CSC 53439 EP

Lecture 2

Exploration and Distributional Methods in RL

Jérémie Decock

October 3, 2025

Outline

Exploration and Uncertainty
Distributional RL

Part 1

Exploration and Uncertainty

Exploration-Exploitation Dilemma

Agent must explore to discover rewarding actions and states.
Agent must exploit known information to maximize reward.
Balancing exploration and exploitation is critical for efficient learning.
Too much exploration: slow progress; too much exploitation: suboptimal policies.

Unstructured Exploration

$\varepsilon$-greedy

Deep Q-Learning Algorithm

FOR EACH episode
$\quad$ $\mathbf{s} \leftarrow \text{env.reset}()$
$\quad$ DO
$\quad\quad$ $\mathbf{a} \leftarrow \color{red}{\epsilon\text{-greedy}(\mathbf{s}, \hat{Q}_{\mathbf{\omega_1}})}$
$\quad\quad$ $r, \mathbf{s'} \leftarrow \text{env.step}(\mathbf{a})$
$\quad\quad$ Store transition $(\mathbf{s}, \mathbf{a}, r, \mathbf{s'})$ in $\mathcal{D}$
$\quad\quad$ If $\mathcal{D}$ contains "enough" transitions
$\quad\quad\quad$ Sample random batch of transitions $(\mathbf{s}_j, \mathbf{a}_j, r_j, \mathbf{s'}_j)$ from $\mathcal{D}$ with $j=1$ to $m$
$\quad\quad\quad$ For each $j$, set $y_j = \begin{cases} r_j & \text{for terminal } \mathbf{s'}_j\\ r_j + \gamma \max_{\mathbf{a}^\star} \hat{Q}_{\mathbf{\omega_{2}}} (\mathbf{s'}_j)_{\mathbf{a}^\star} & \text{for non-terminal } \mathbf{s'}_j \end{cases}$
$\quad\quad\quad$ Perform a gradient descent step on $\left( y_j - \hat{Q}_{\mathbf{\omega_1}}(\mathbf{s}_j)_{\mathbf{a}_j} \right)^2$ with respect to the weights $\mathbf{\omega_1}$
$\quad\quad\quad$ Every $\tau$ steps reset $\hat{Q}_{\mathbf{\omega_2}}$ to $\hat{Q}_{\mathbf{\omega_1}}$, i.e., set $\mathbf{\omega_2} \leftarrow \mathbf{\omega_1}$
$\quad\quad$ $\mathbf{s} \leftarrow \mathbf{s'}$
$\quad$ UNTIL $\mathbf{s}$ is final
RETURN $\mathbf{\omega_1}$

At each step,:

with probability ε, select a random action;
with probability 1-ε, select the action with the highest estimated value.

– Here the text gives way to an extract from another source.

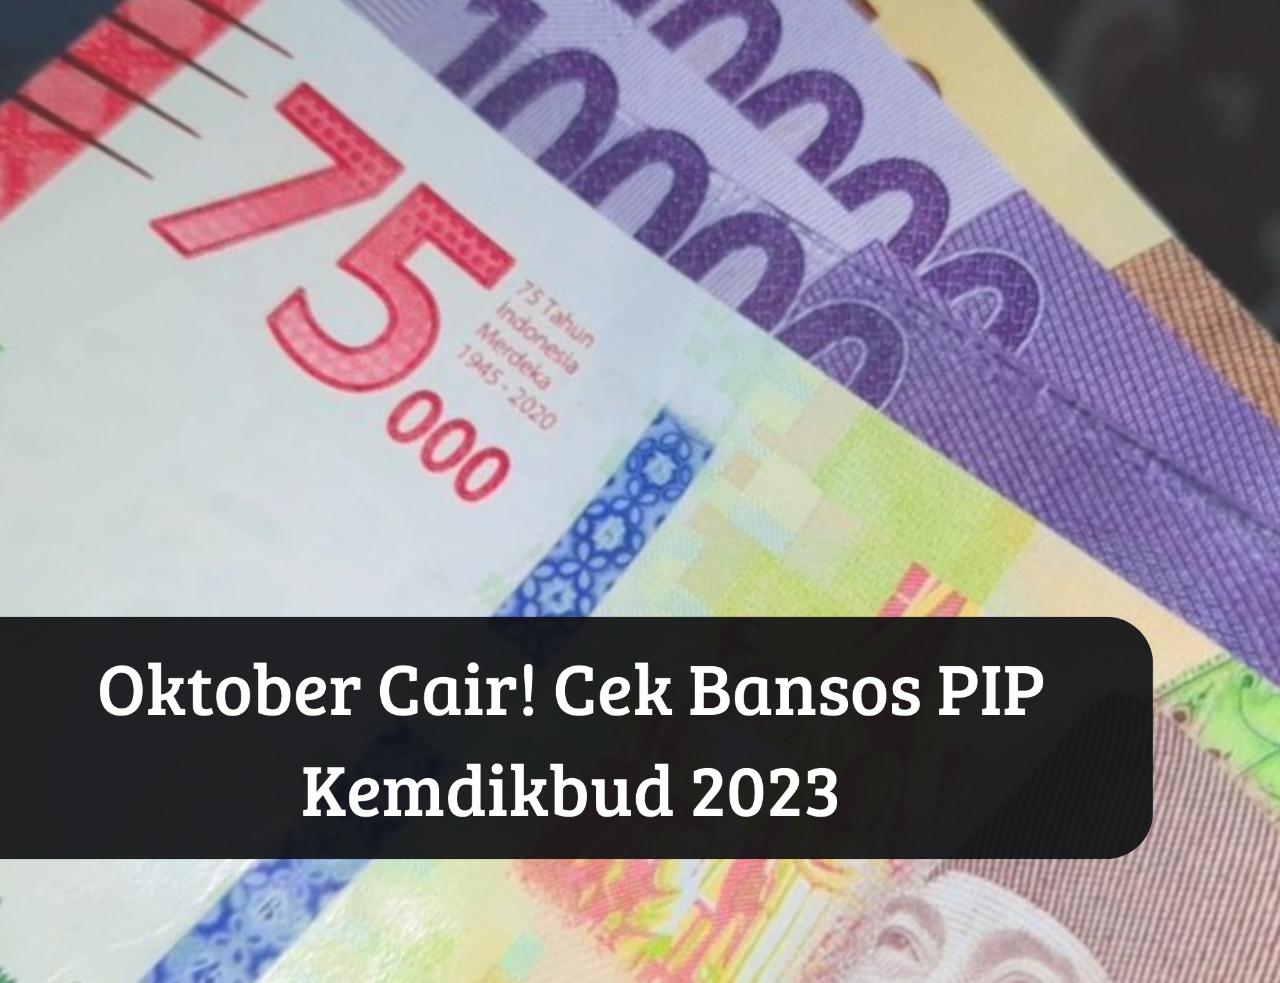 Sebelum Hangus Cek KIP Penerima! Bansos PIP Kemdikbud 2023 Cair Oktober, Uang Gratis Rp1 Juta Langsung Masuk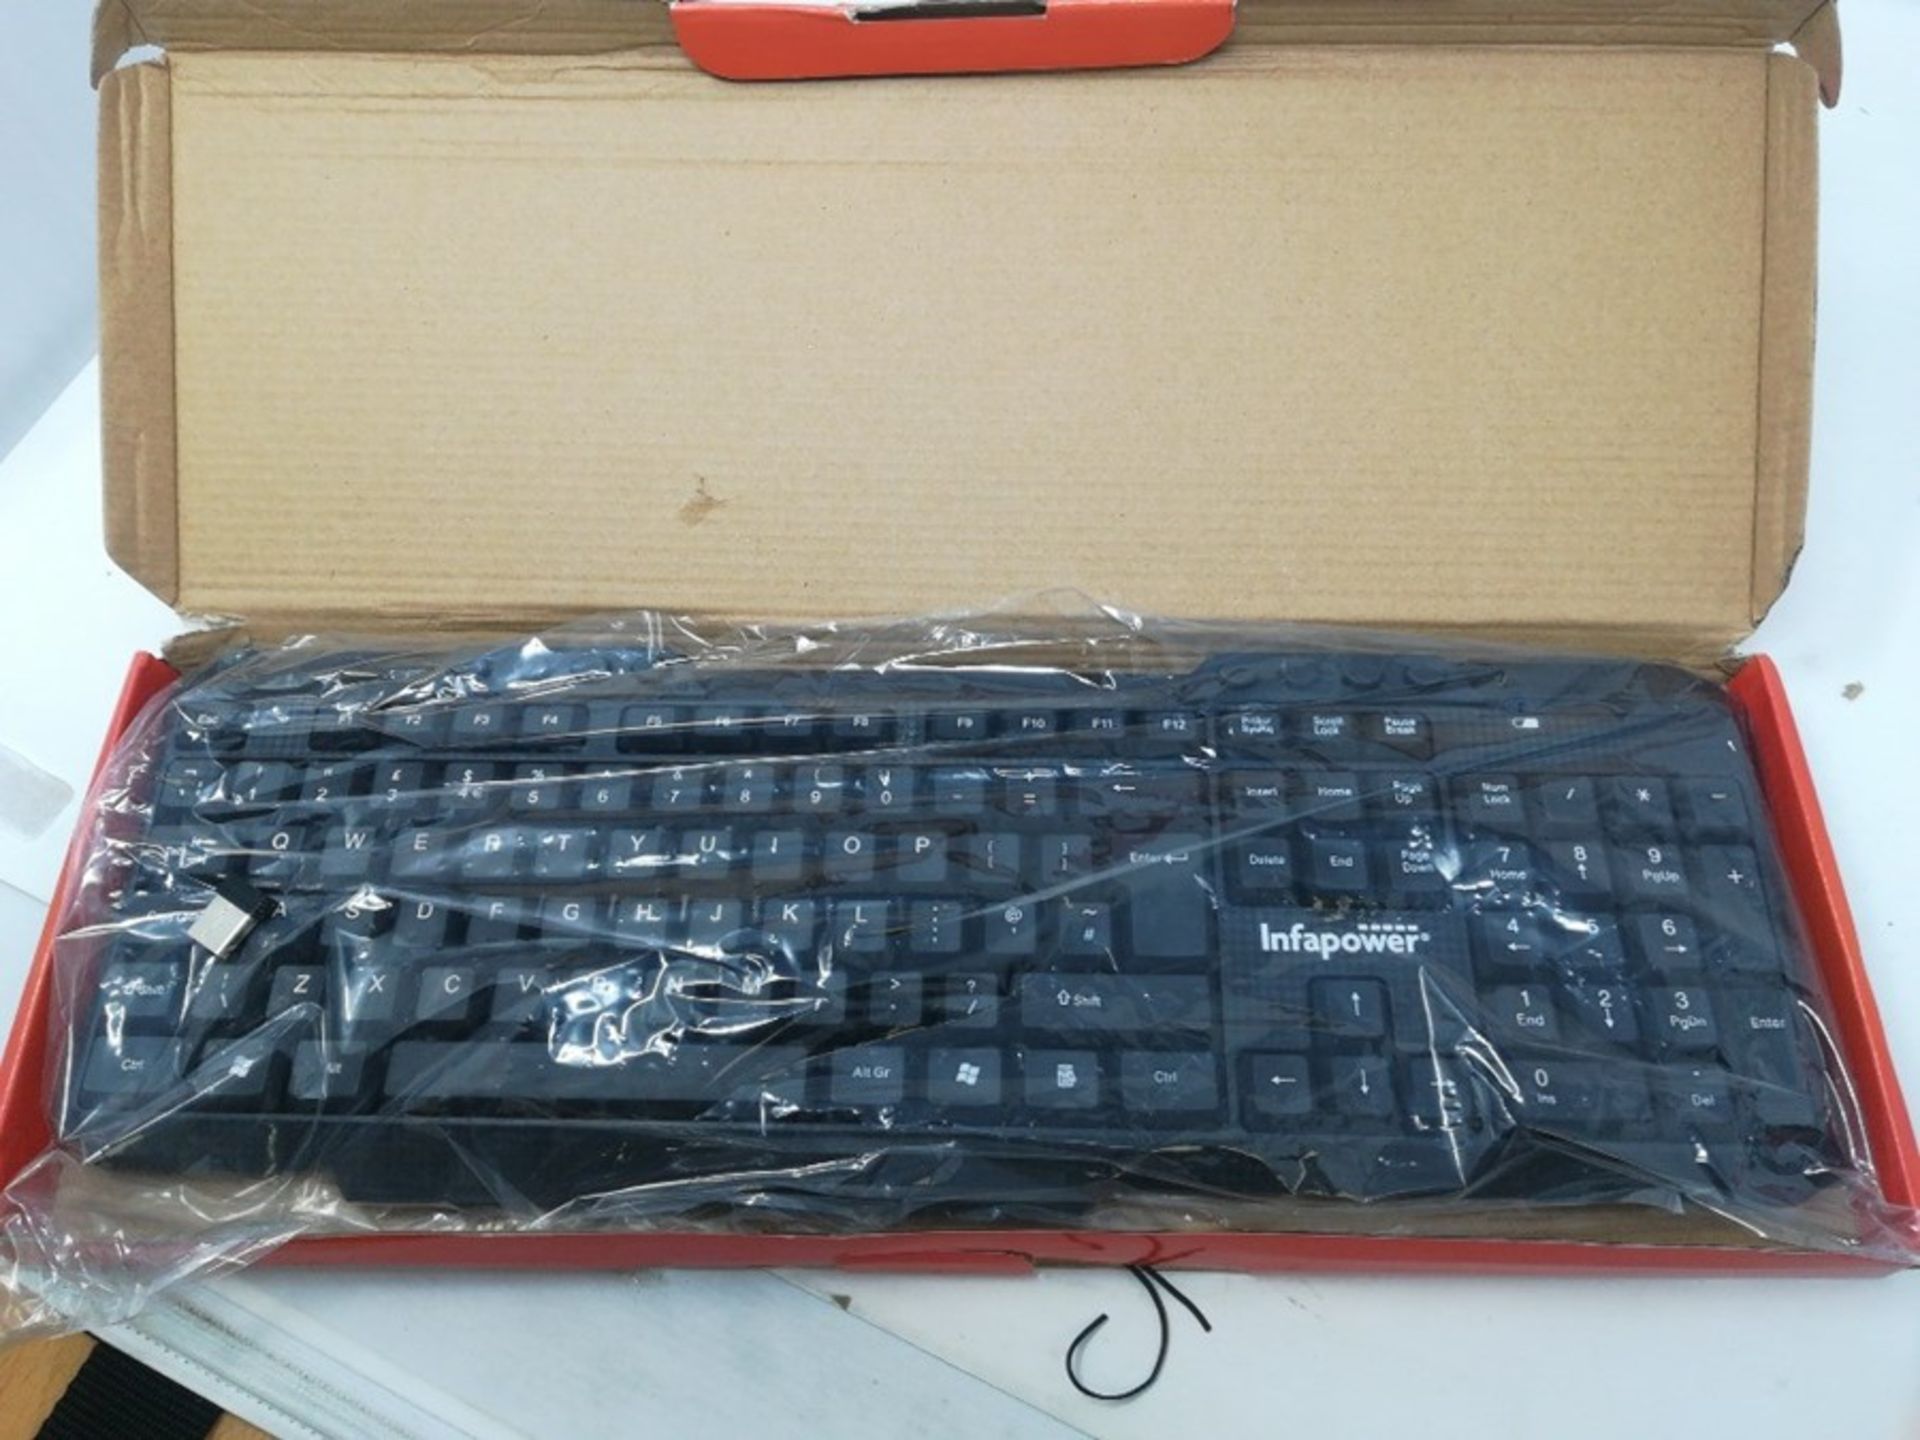 Infapower Full Size Wireless Keyboard, Black

👉 Simple to implement, widely used in discrete action spaces.

Typically, ε is annealed (decreased) over time to shift from exploration to exploitation.
The decay schedule is a hyperparameter and often determined empirically.

Unstructured Exploration

Gaussian Noise

Add zero-mean Gaussian noise to the action output by the policy.
Common in algorithms for continuous control (e.g., DDPG, TD3).
Noise variance can be annealed to reduce exploration over time.
Encourages smooth, local exploration around the current policy.

$$\mu'(s_t) = \mu(s_t | \theta^{\mu}_t) + \mathcal{N}$$ where $\mu(s_t | \theta^{\mu}_t)$ is the actor network with weights $\theta^{\mu}_t$
and $\mathcal{N}$ is a noise process (e.g. Gaussian or Ornstein-Uhlenbeck).

Limits of Unstructured Exploration

Case Study: Montezuma's Revenge (Atari)

Unstructured methods (ε-greedy, Gaussian noise) struggle in environments with sparse rewards and complex exploration requirements.

Montezuma's Revenge (Atari): classic benchmark for hard exploration.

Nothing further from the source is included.